What mbrubeck wrote wasn't a tradeoff of fast allocation vs fast reads.
It was just improving the allocation time at the cost of the first access of every page when doing a read.
So when doing many reads, this option should be faster in allocation and reads.

5 Likes

Well I checked it again and it seems right. Also, my code has to potentially visit every element (boil the ocean) in which case the index function is inefficient requiring 2 CPU cycles. Still I love this index approach for other things. I guess taking the allocation and assignment penalty up front and having faster read times is the tradeoff that is right for what I'm working on.

1 Like

Just to double check again, are you sure your benchmarking is sound?

I tried to compile and run your benchmarks, but unfortunately I couldn't allocate enough memory. After reducing the size by 2 orders of magnitude, I got ~50ns for the vec of vecs, which seems like the compiler has optimized it out entirely. If this could go wrong on my computer, are you sure everything's testing what you think it is on yours?

You're of course free to make any decision you want! But as I would consider it common knowledge that flat vecs perform better than nested vecs, I want to investigating this further.


Besides the benchmarks, I had a question. You said the index function is inefficient requiring 2 CPU cycles - could you explain your reasoning there?

My understanding is that random indexing into both will require multiple CPU cycles. For the flat vec, it needs to do math. But for a nested vec, I would assume it needs do even more - 1 memory lookup to get the address in memory of the inner vec, and then another extra lookup in distinct ram (not in the same cache line) to get the actual value.

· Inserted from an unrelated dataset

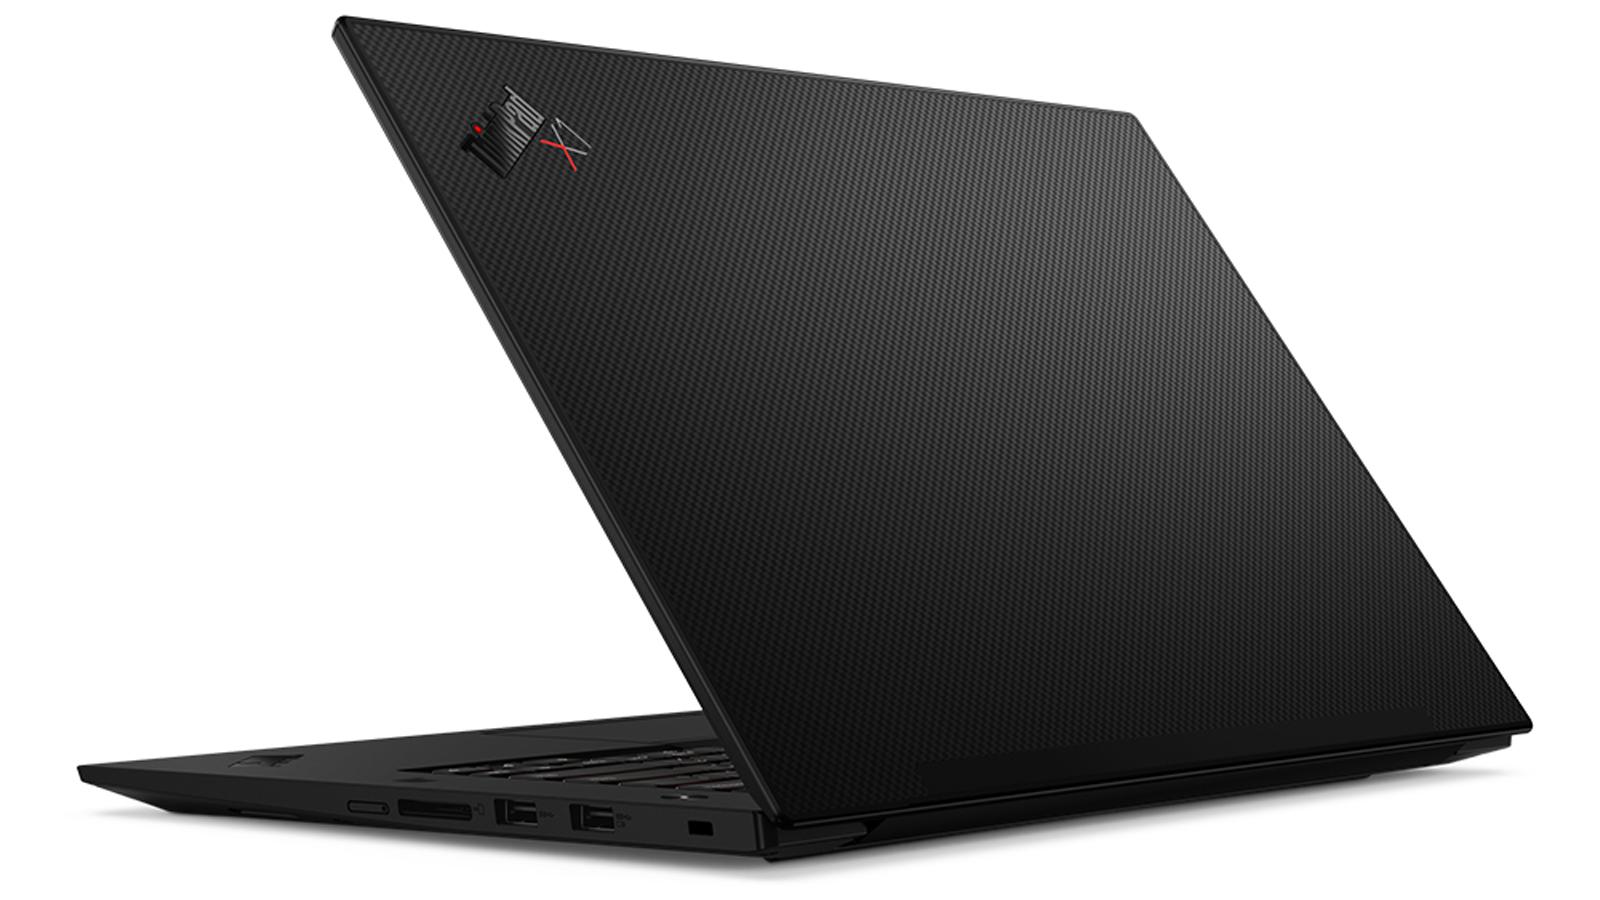 Lenovo ThinkPad X1 Extreme Gen 3 carbon fiber lid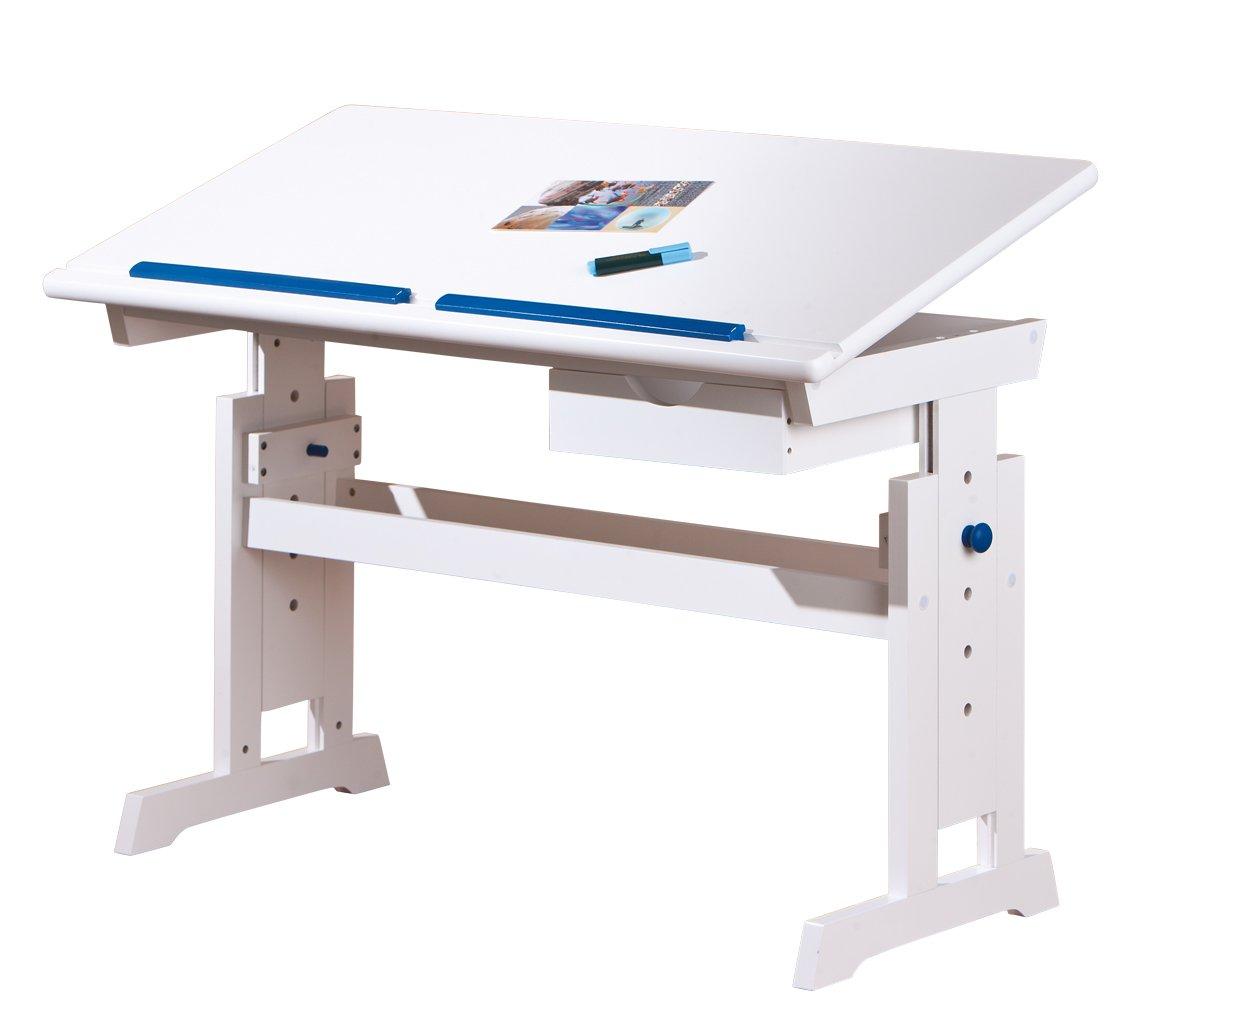 Links Baru 40100500 Children's Desk MDF/Solid Wood Adjustable Height and Tilt 1 Drawer 109 x 55 x 63/88 cm White/Pink/Blue F00011901051_WHITE

For iterated non-random lookups, that second memory lookup can be elided. But wouldn't the math in the flat-vec loop be equally elided? I would 100% assume the compiler turns your entire loop into for x in 0..(1000_000_000 * 60) { ... matrix[x] }. It should even elide that index operation, and directly increment the pointer, if it's optimizing correctly.


In the interest of seeing if I could write a benchmark and get different data, I copied your code, but architected it using criterion. This allows us to surround information with a black_box to prevent the compiler from completely elliding loops, gives us warmup time to ensure that both tests get a fair, warm CPU, and produces statistics about multiple iterations of each benchmark.

I can't run with your original size on my computer, so my benches have reduced order of magnitude - and that might not be the most relevant. But they could give some insight, and if you want, I think you could also run these benchmarks on your hardware, to see if you get different data.

I say slightly more reliable, as microbenchmarks are always wrong to some degree. But without warming up the CPU, and without putting input/output values in a black box to prevent the compiler from optimizing them out, it's easy to very wrong results from code that looks like it'd obviously provide the correct ones. Benchmarking on modern CPUs is hard, to say the least.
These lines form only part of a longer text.